2025 stock In the ever-mutable landscape of Dutch jazz, Joost Buis’s Astronotes stands as a testament to the playful collision of composition and improvisation. Released on the Data label in 2004, the album finds Buis—trombonist, composer, and bandleader—at the helm of a vibrant ensemble drawn from the heart of Amsterdam’s creative music scene.
From the opening bars of “The Eggs,” it’s clear that Buis is less interested in adhering to tradition than in subverting it with wit and invention. The band’s approach is rooted in the written and the improvised, but the real magic lies in how these elements are developed and deconstructed. There’s a palpable sense of fun and vitality: horns romp through the dizzying “Spaghetti Canon,” while Jan Willem van der Ham’s alto saxophone cavorts over thick curtains of sound, and Felicity Provan’s cornet fires off bright fusillades in the background.

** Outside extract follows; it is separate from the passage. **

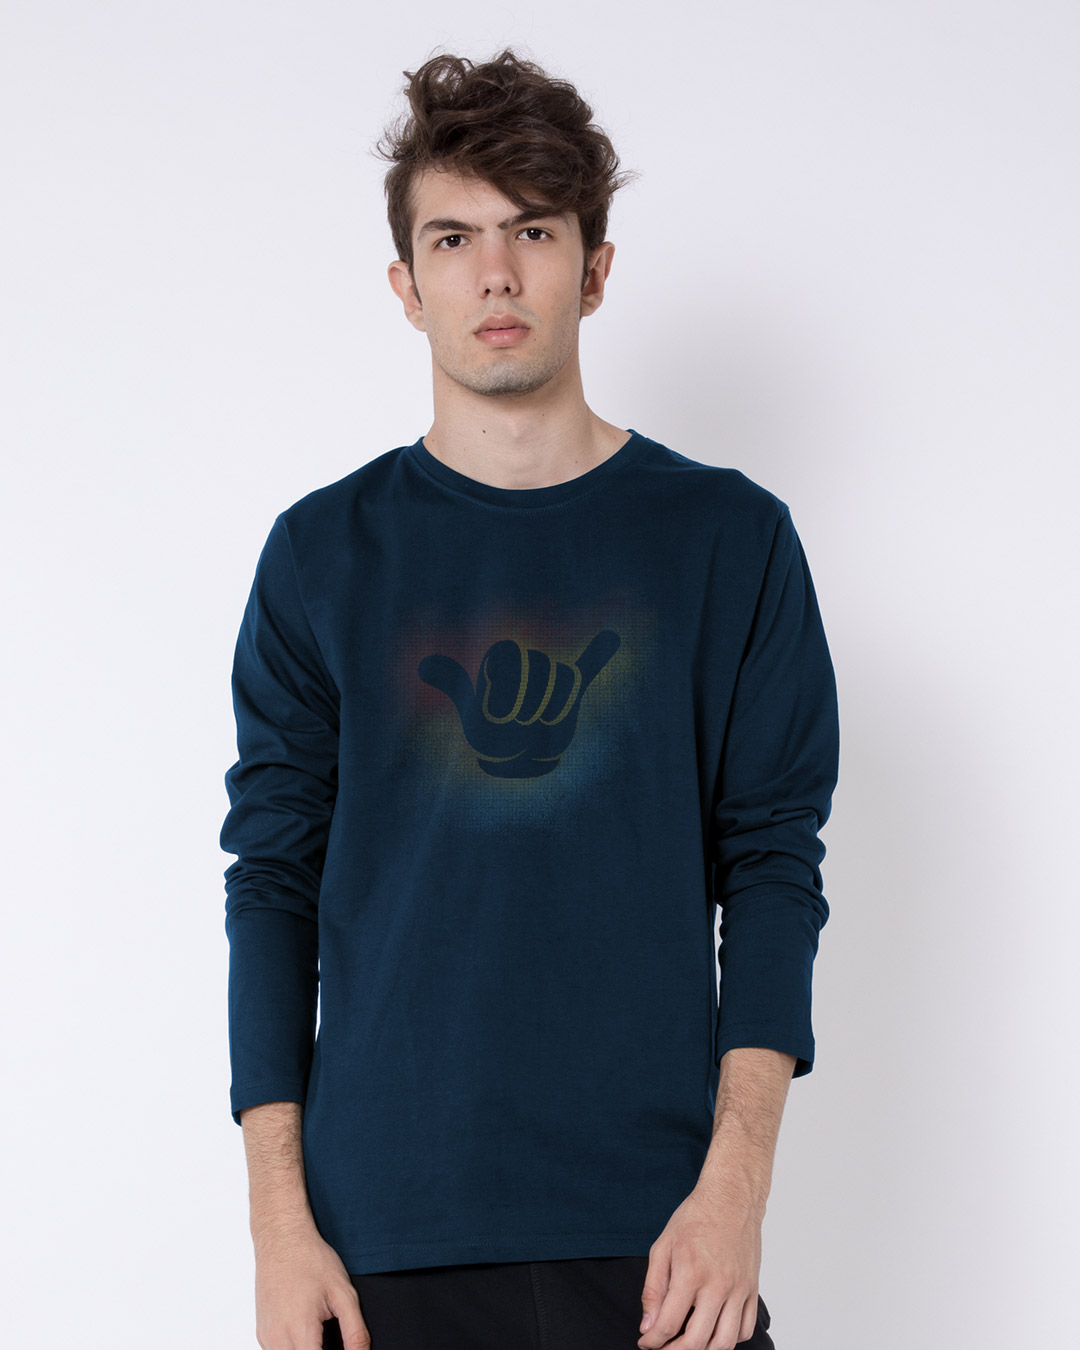 Buy Hang Loose Full Sleeve T-Shirt Online at Bewakoof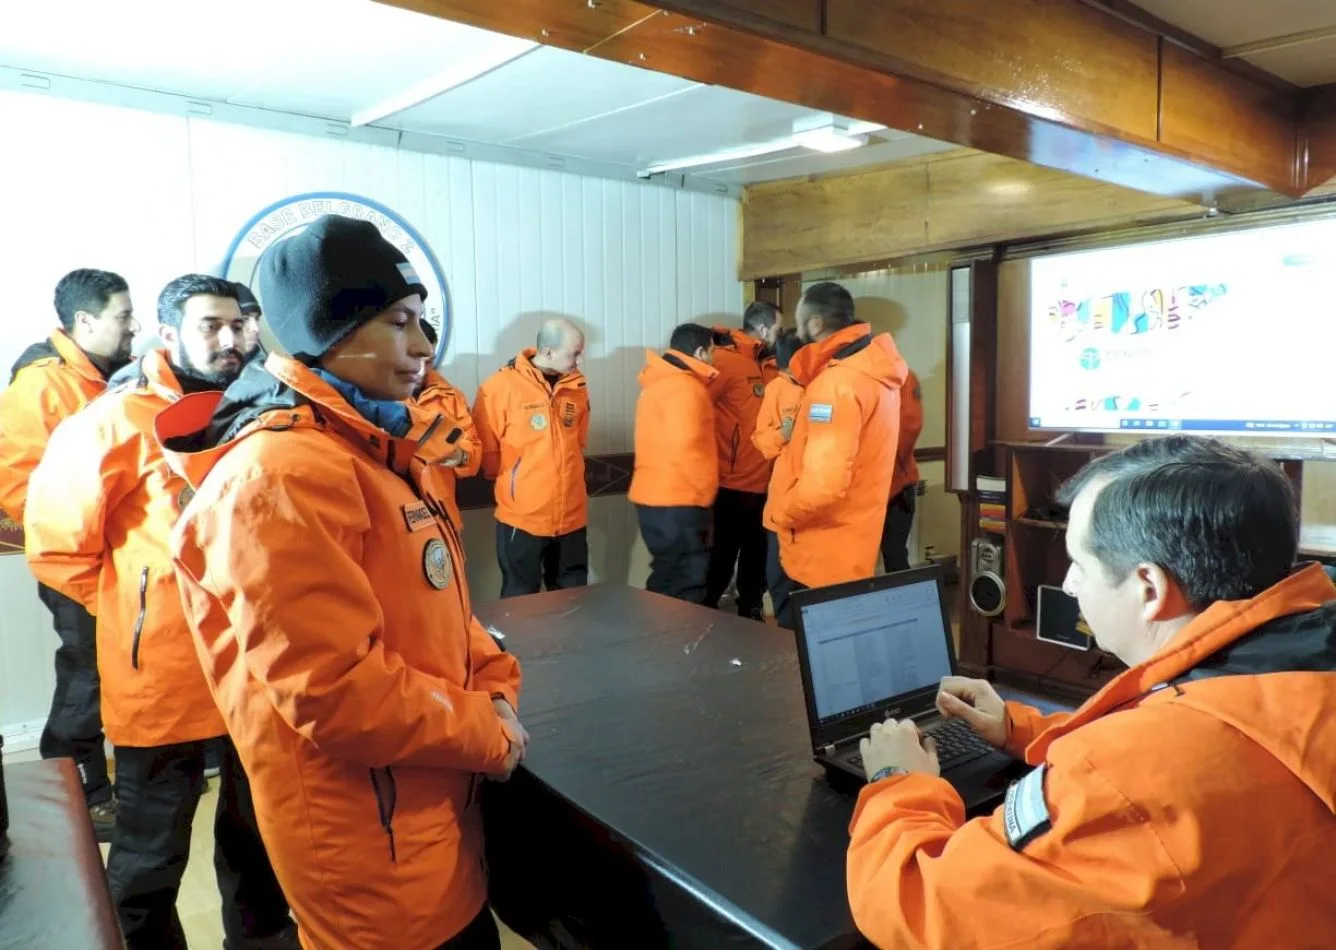 El personal desplegado en las bases antárticas fue censado en su totalidad

Elsewhere, “The Comet’s Point of View” opens a door to a spontaneous jigsaw of sound, where pulse and meter are transmuted and locked into a kind of cosmic drift. The band’s deft orchestration of Ellington-Strayhorn’s “Zweet Zurzday” nods to jazz’s grand tradition, but Buis’s arrangements are anything but reverent—Paul Pallesen’s guitar emerges as a rhapsodic voice, and the ensemble’s collective energy is always on the verge of mischief. The bluesy “Nantones” growls and slurps with dirty delight, a reminder that Buis’s sense of humour is never far from the surface.
Astronotes is a record that delights in tweaking expectations, playing fast and loose with jazz history while maintaining a coherent, swinging core. It’s deadpan, witty, and inventive—music that tickles the funny bone as much as it challenges the ear. In the hands of Buis and his Astronotes, the Dutch jazz tradition is not just alive, but gleefully mutating.